------ Dataset content
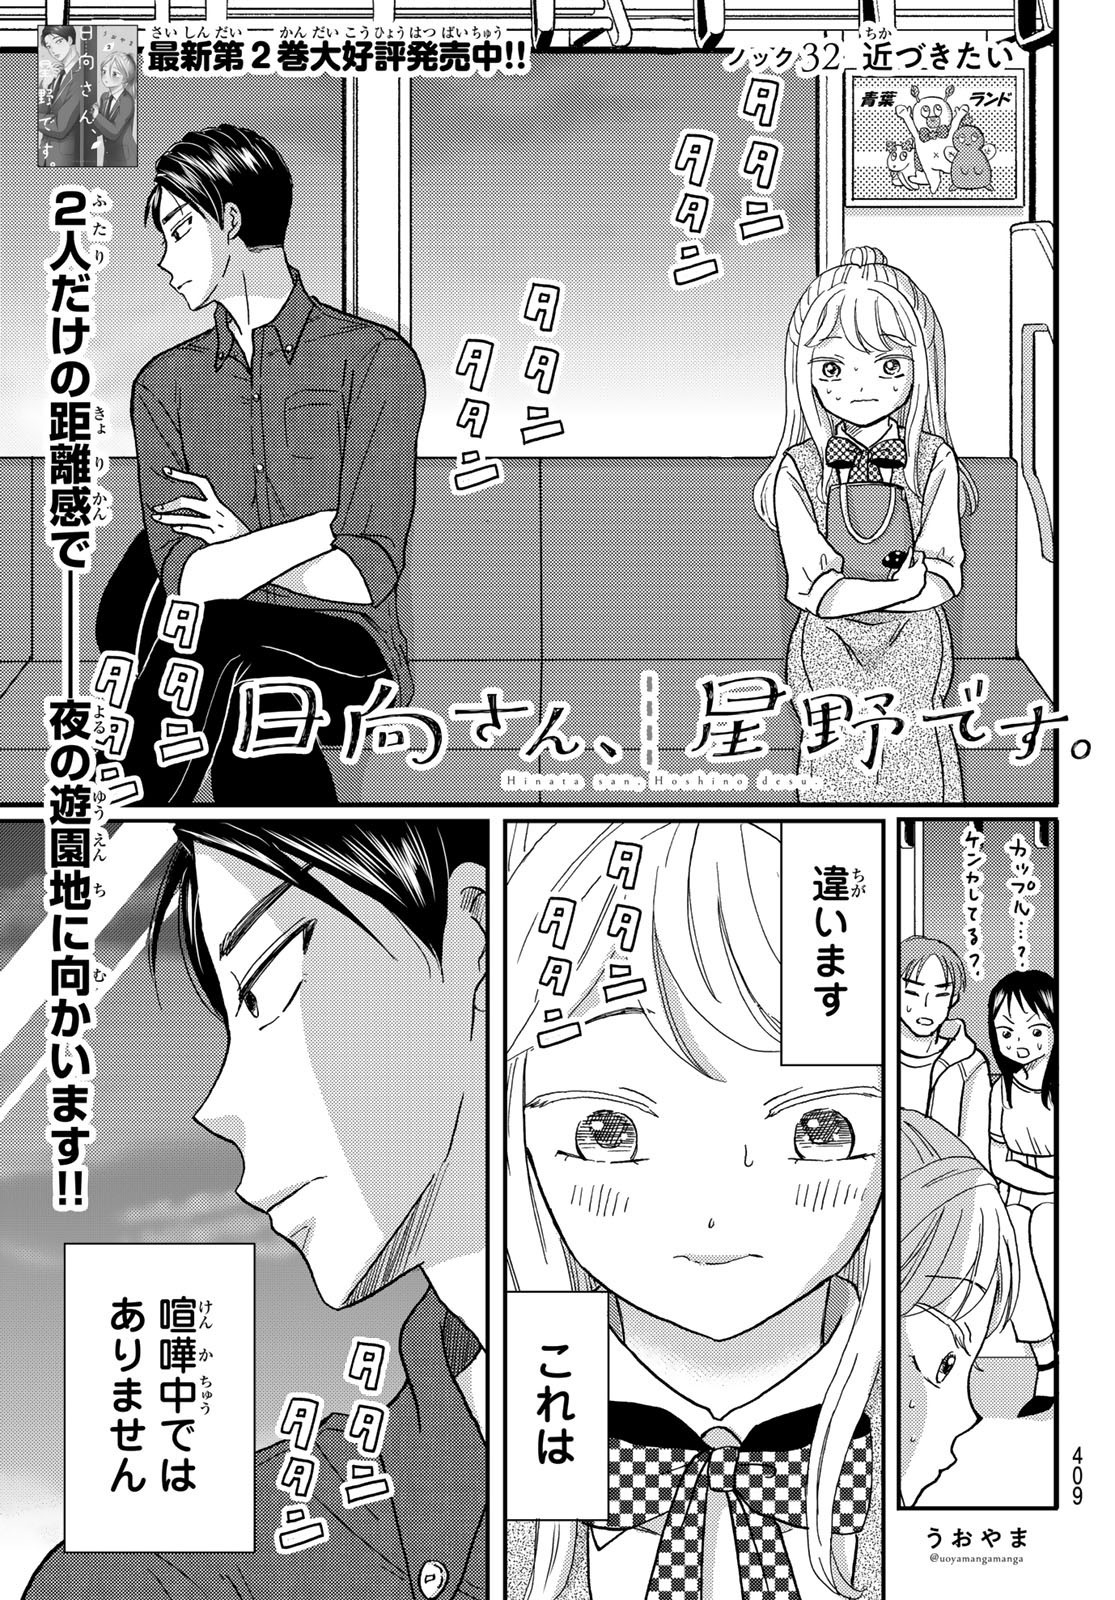 Hinata-san, Hoshino desu. - Chapter 032 - Page 1
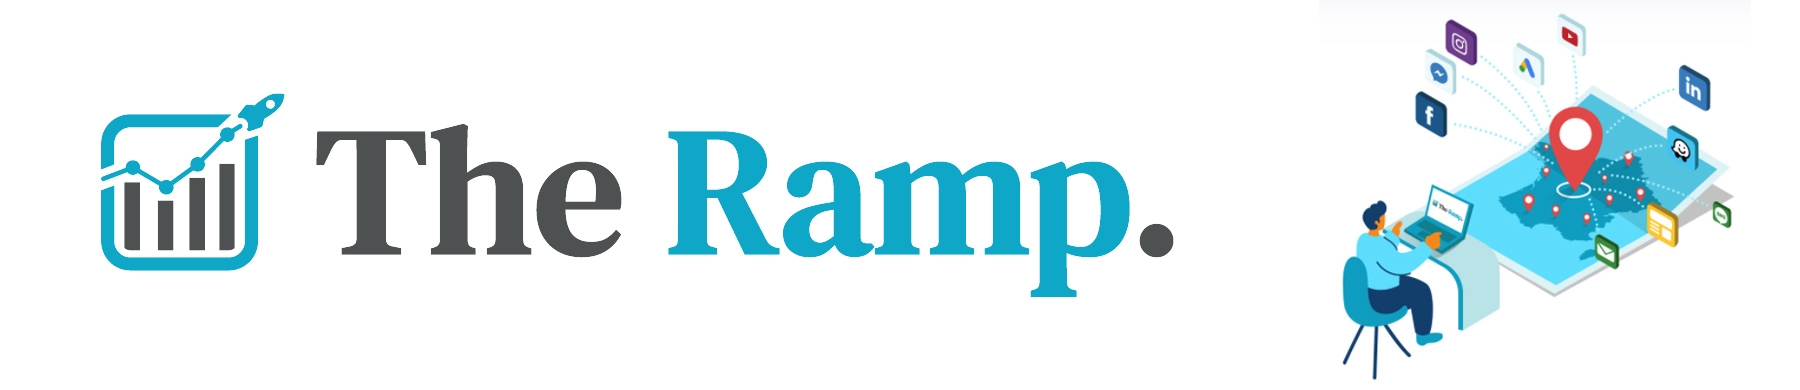 Bannière The Ramp
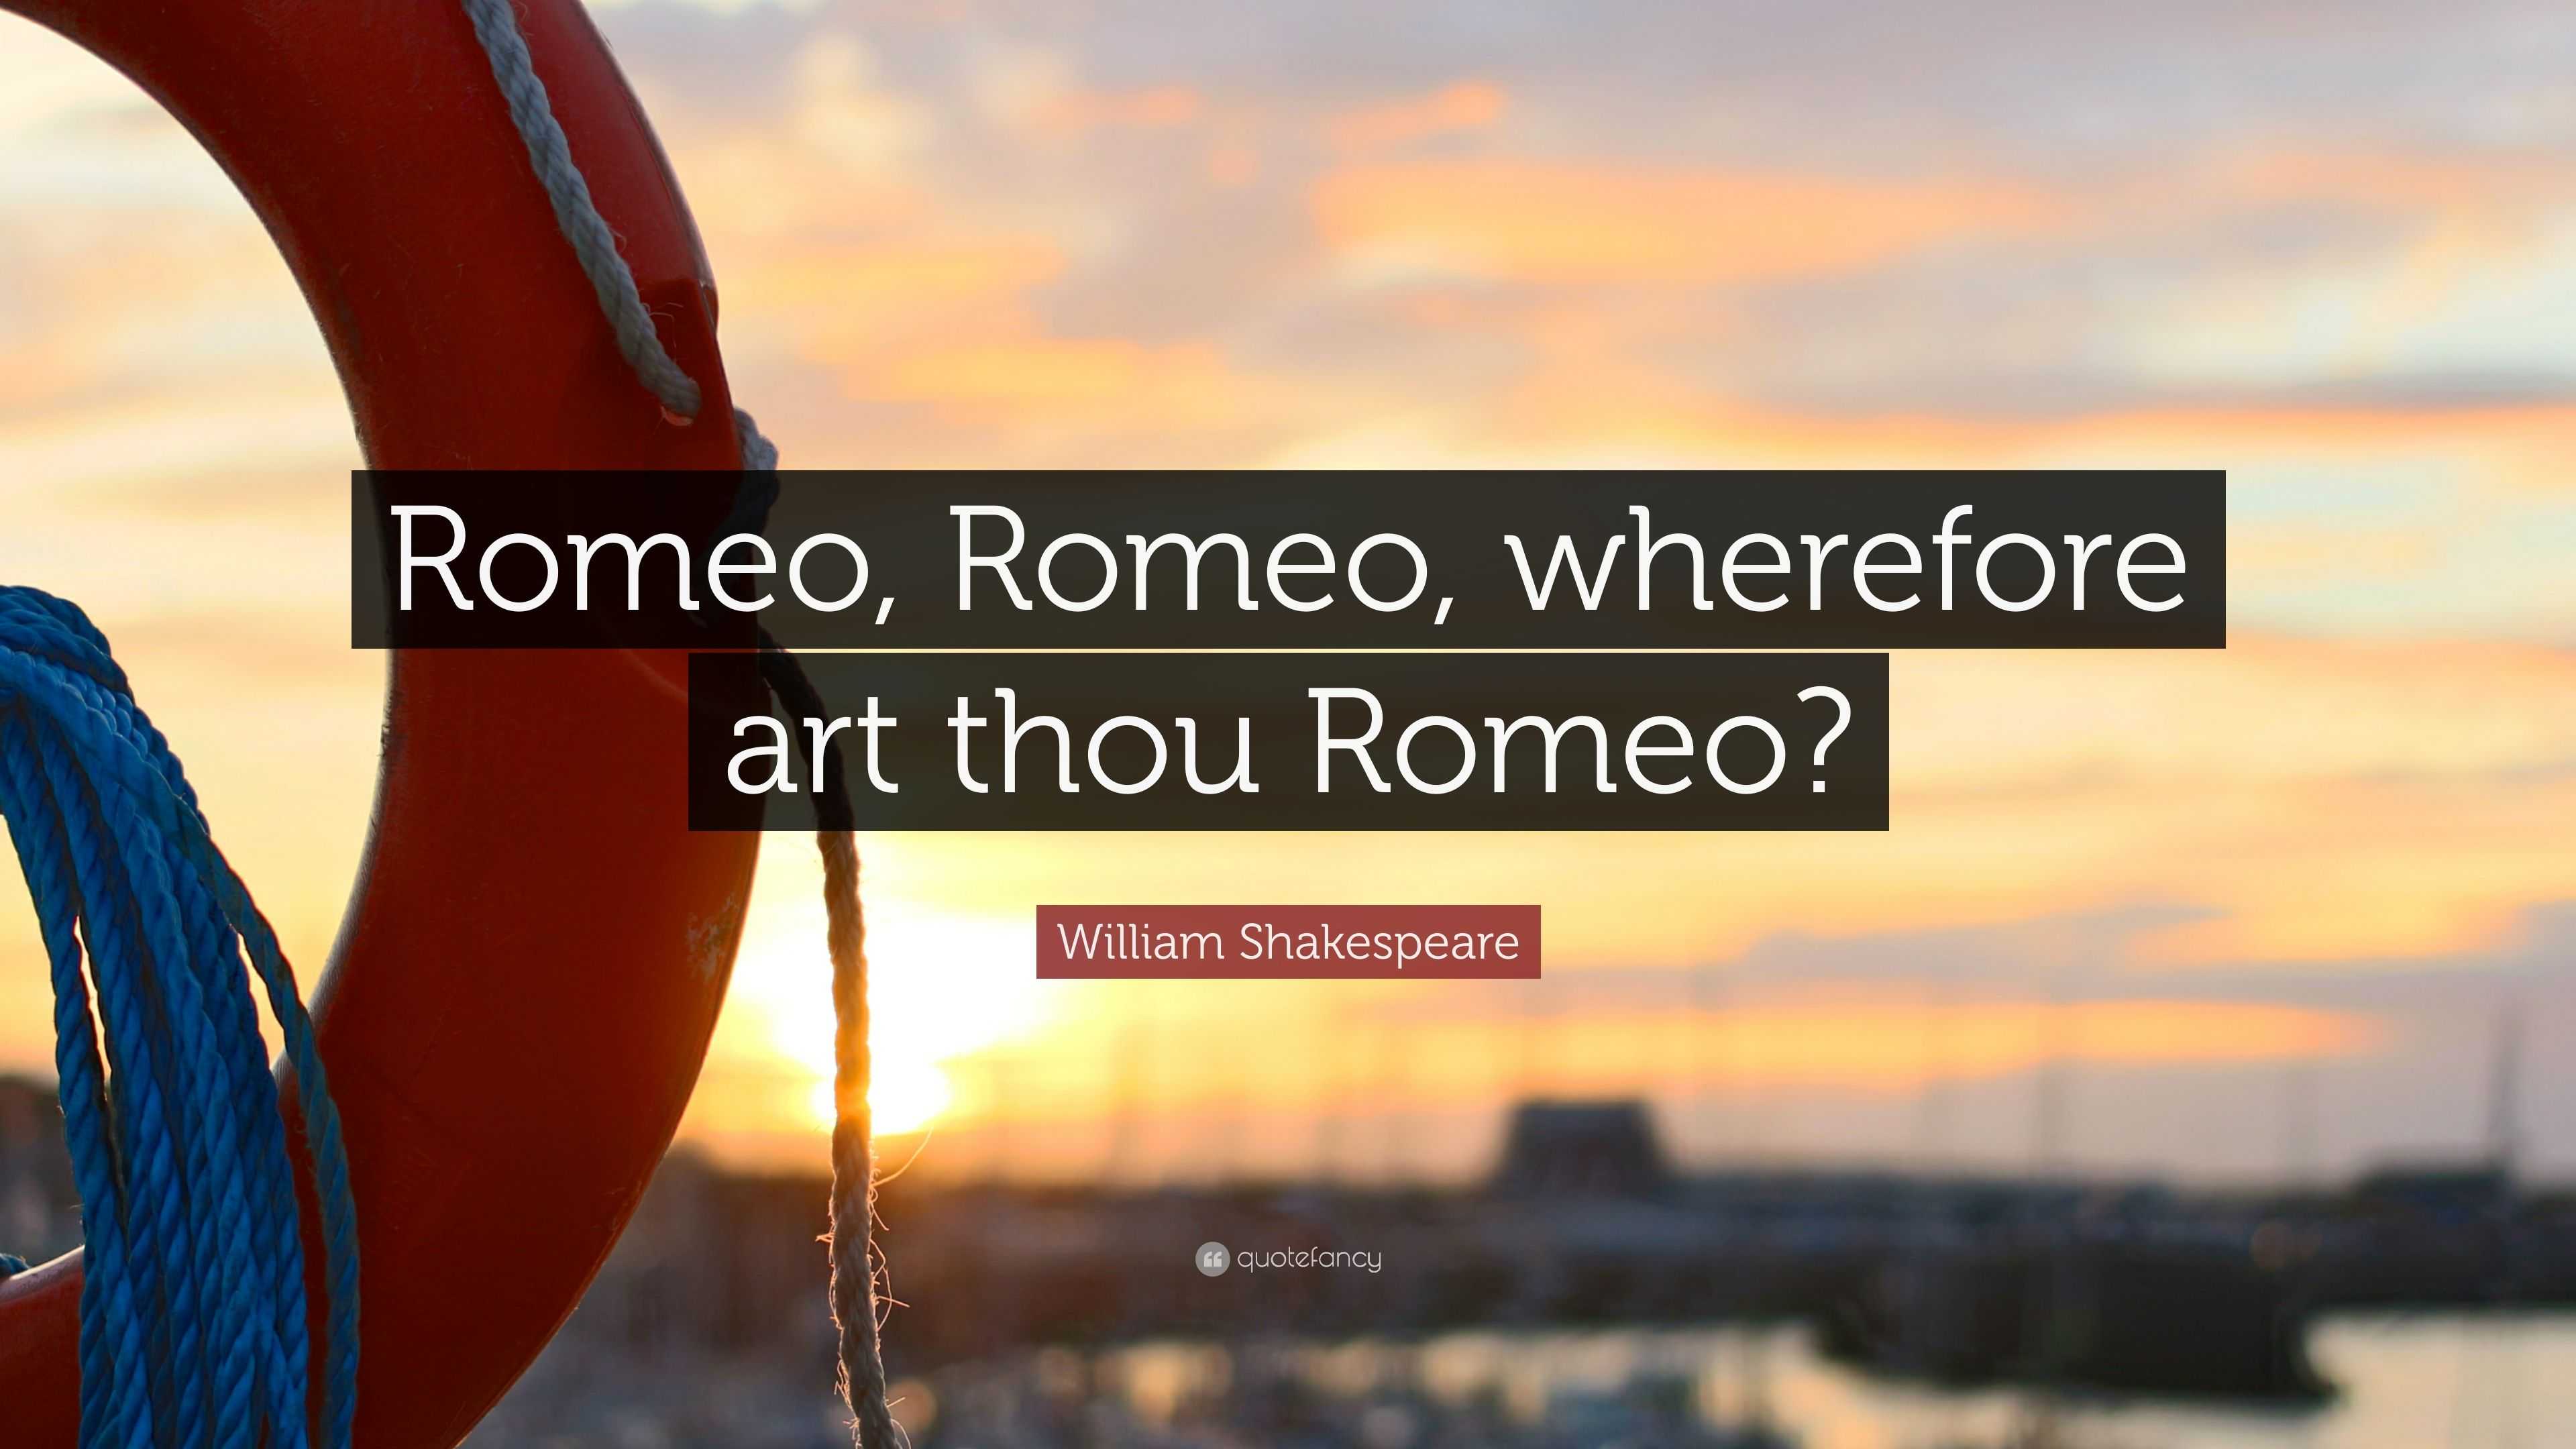 William Shakespeare Quote “romeo Romeo Wherefore Art Thou Romeo”
------------
Directions for this task >>
Only the pictures are to be left out; print everything else in the listing exactly.

Solution >>
 Hinata-san, Hoshino desu. - Chapter 032 - Page 1
 Bannière The Ramp
 William Shakespeare Quote “romeo Romeo Wherefore Art Thou Romeo”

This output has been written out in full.